The recent roots of dental disease
Late Iron Age/Roman woman showing large dental calculus deposit, from Cambridge area, UK. Photo: Alan Cooper
Where's the evolution?
The link between our diet and rates of tooth decay and gum disease is an example of a mismatch to modernity a case in which a disease results from a modern lifestyle feature that our lineage has not experienced during the course of our evolutionary history. The idea is that our bodies are 'matched' to the environment in which we spent most of our evolutionary history not to the environment that we have created for ourselves today. In these instances, natural selection has not been able to keep pace with the rate at which human culture and the innovations that it generates (e.g., farming) change. If we humans had eaten lots of carbohydrates throughout our evolutionary history (for many hundreds of generations) and if the resulting dental disease had reduced our ability to survive and reproduce, we might have experienced natural selection favoring adaptations that reduced the severity of the problem. However, because these dietary changes happened relatively recently (and in the modern world, occurred in conjunction with advances in dentistry that lessened their impact on health and reproduction), we do not possess adaptations to deal with an influx of sugar and starch and, hence, are likely to develop dental disease.

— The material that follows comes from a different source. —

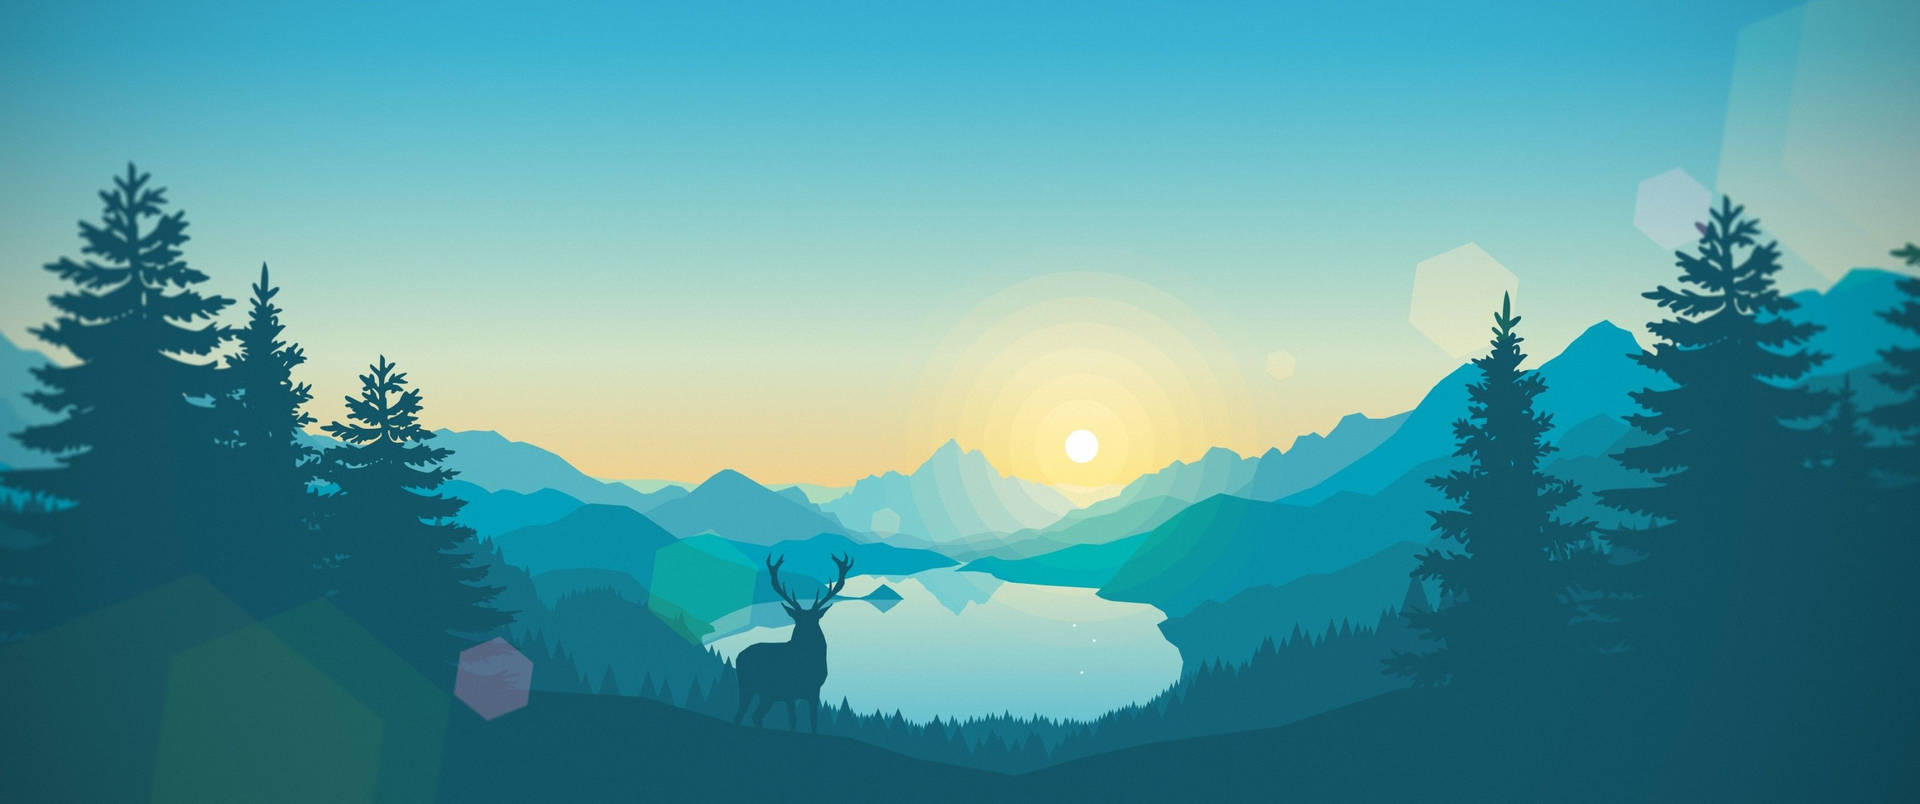 3440x1440 Minimalist Blue Morning Landscape Background

Evolutionary mismatches to modern lifestyles seem to contribute to many diseases. Some cases are relatively obvious for example, the high rates of lactose intolerance among human populations without a history of dairying and the prevalence of type 2 diabetes among populations that have recently adopted a high-sugar, high-fat Western diet. Other mismatches are less obvious. For example, throughout human evolutionary history, we've been more or less continually infected by parasites, such as helminth worms. However, clean water and modern hygienic advances have made such infections rare in developed countries. Now, medical researchers have discovered several autoimmune diseases (e.g., multiple sclerosis) that seem to be caused or made worse by the lack of a helminth infection. In this case, modern, worm-free lifestyles seem to be causing problems for human bodies that evolved under the continual influence of parasites.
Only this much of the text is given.